Бронза уже позеленела от времени. Широкий рукав морской шинели не имел ни крупных складок, ни отверстий. Надписей тоже нигде не было. Пальцы рук были растопырены властным широким жестом, но ни на руке, ни между пальцами ничего не было… Вторая рука адмирала, была плотно засунута в карман шинели, не образуя даже и мест для тайника.

Щемящая боль разочарования охватила Николая, когда он под шутливые возгласы моряков собирался привязывать флаг к руке адмирала. Никто не заметил, как к ним быстрыми шагами приближаются двое людей.
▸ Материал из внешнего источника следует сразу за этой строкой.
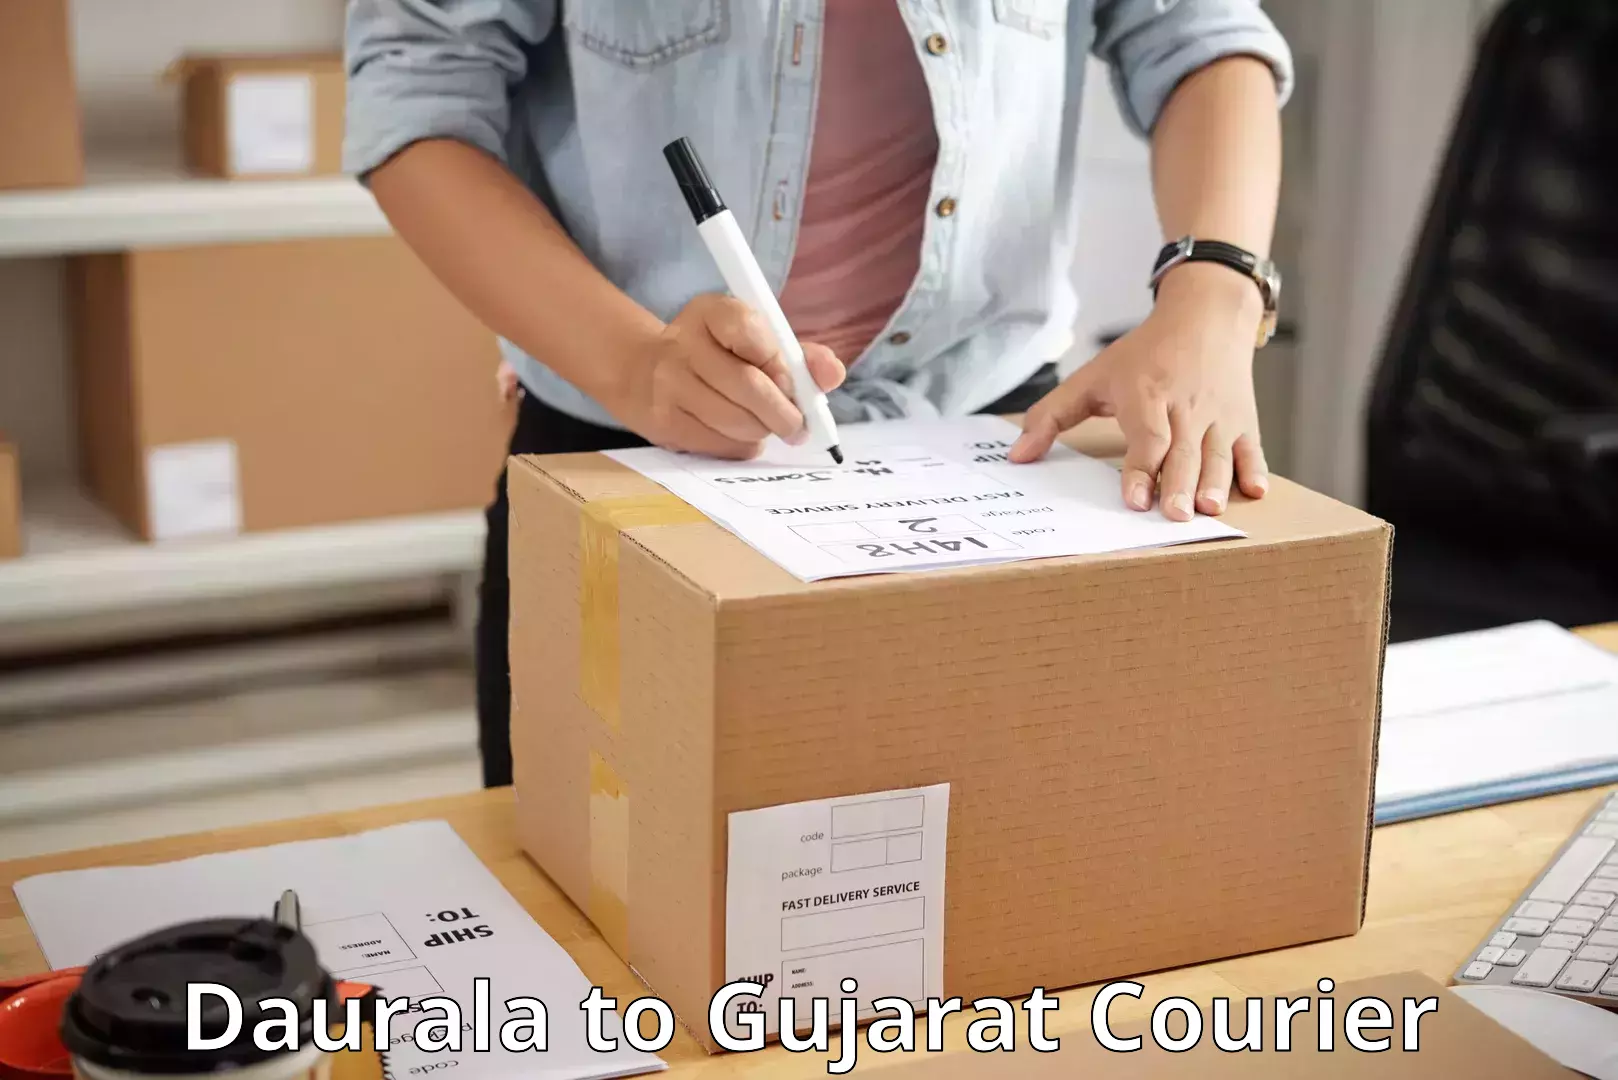 International parcel service Daurala to Gujarat

— Эй, товарищи! внезапно раздался властный окрик. Что это вы тут делаете?

Моряки обернулись.

— Товарищ Корнфельд, прошептал Лоренц. Ах, тещу твою в негашеную известь!.. Откудова его нелегкая принесла, пуд дыму ему за пазуху?

Оглянулись в сторону окрика и другие матросы. Кто то из них на секунду ослабил напряжение, вся неустойчивая пирамида потеряла равновесие и закачалась. Сумец попытался удержаться за руку адмирала, но шесты уже расползлись, и табуретка с «альпинистом» с грохотом упала на землю. Ошеломленный падением Сумец медленно поднимался на ноги, когда человек с несколькими нашивками — большой чин, подошел к группе моряков.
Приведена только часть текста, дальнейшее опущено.